Artificial Intelligence Is Lost in the Woods

By | June 19, 2007

Very interesting article published inTechnolgy Review, written by David Gelernter (professor of computer science at Yale University) about the understanding of AI and it’s future.
Credit:Eric JoynerCredit: Eric Joyner

Introduction:

Artificial intelligence has been obsessed with several questions from the start: Can we build a mind out of software? If not, why not? If so, what kind of mind are we talking about? A conscious mind? Or an unconscious intelligence that seems to think but experiences nothing and has no inner mental life? These questions are central to our view of computers and how far they can go, of computation and its ultimate meaning–and of the mind and how it works.

Conclusion:

The cognitive spectrum suggests that analogies are created by shared emotion–the linking of two thoughts with shared or similar emotional content.

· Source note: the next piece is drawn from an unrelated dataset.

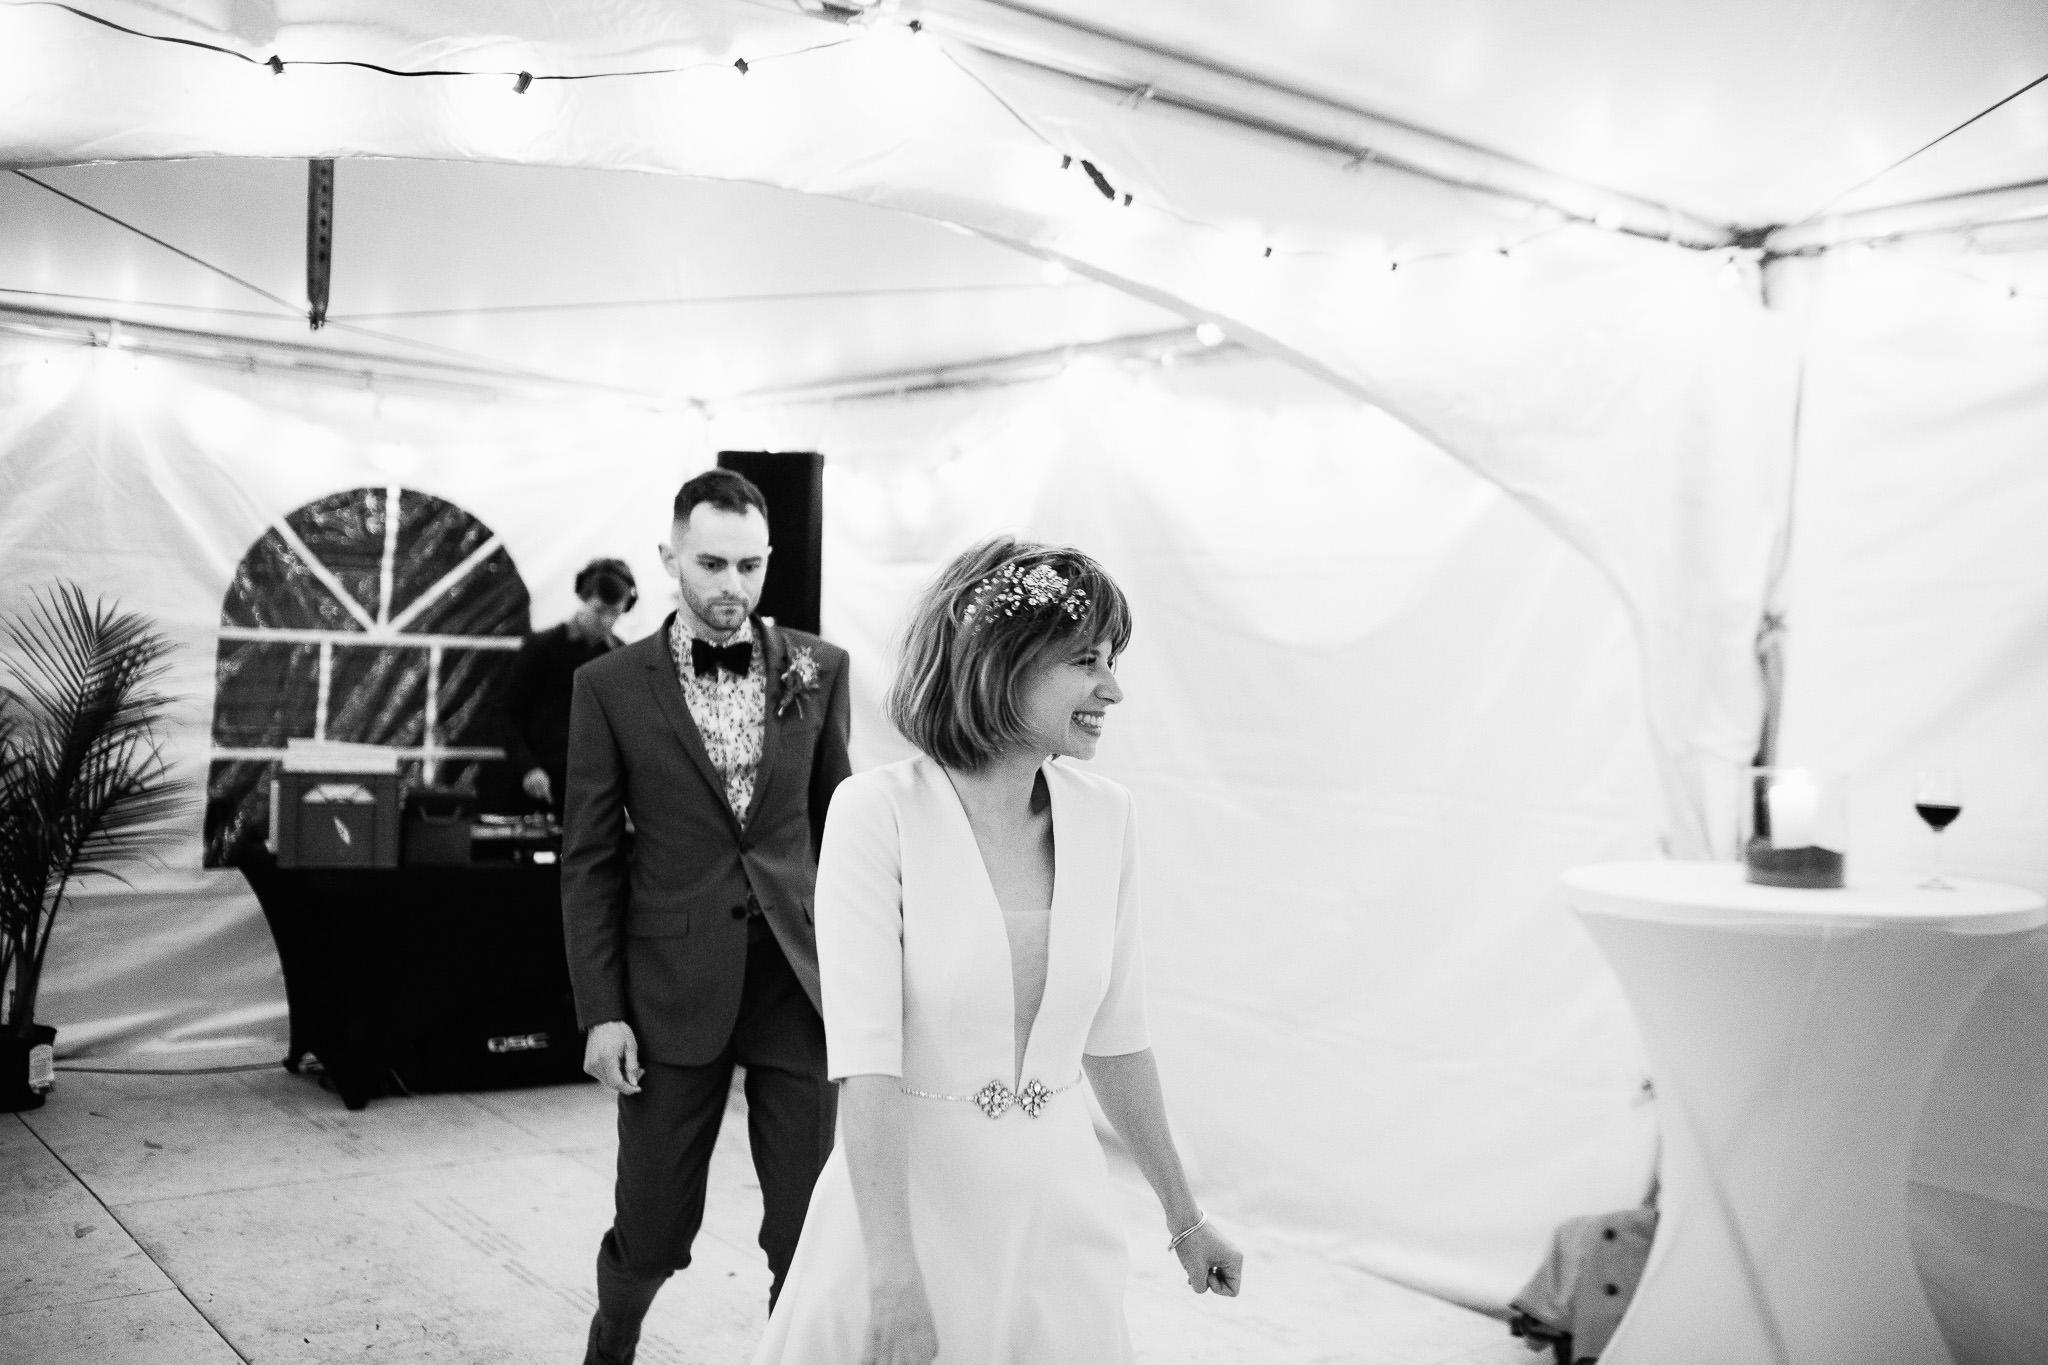 080_Canada-documentary-wedding-photograp

To build a simulated unconscious mind, we don’t need a computer with real emotions; simulated emotions will do. Achieving them will be hard. So will representing memories (with all their complex “multi-media” data).

But if we take the route Turing hinted at back in 1950, if we forget about consciousness and concentrate on the process of thought, there’s every reason to believe that we can get AI back on track–and that AI can produce powerful software and show us important things about the human mind.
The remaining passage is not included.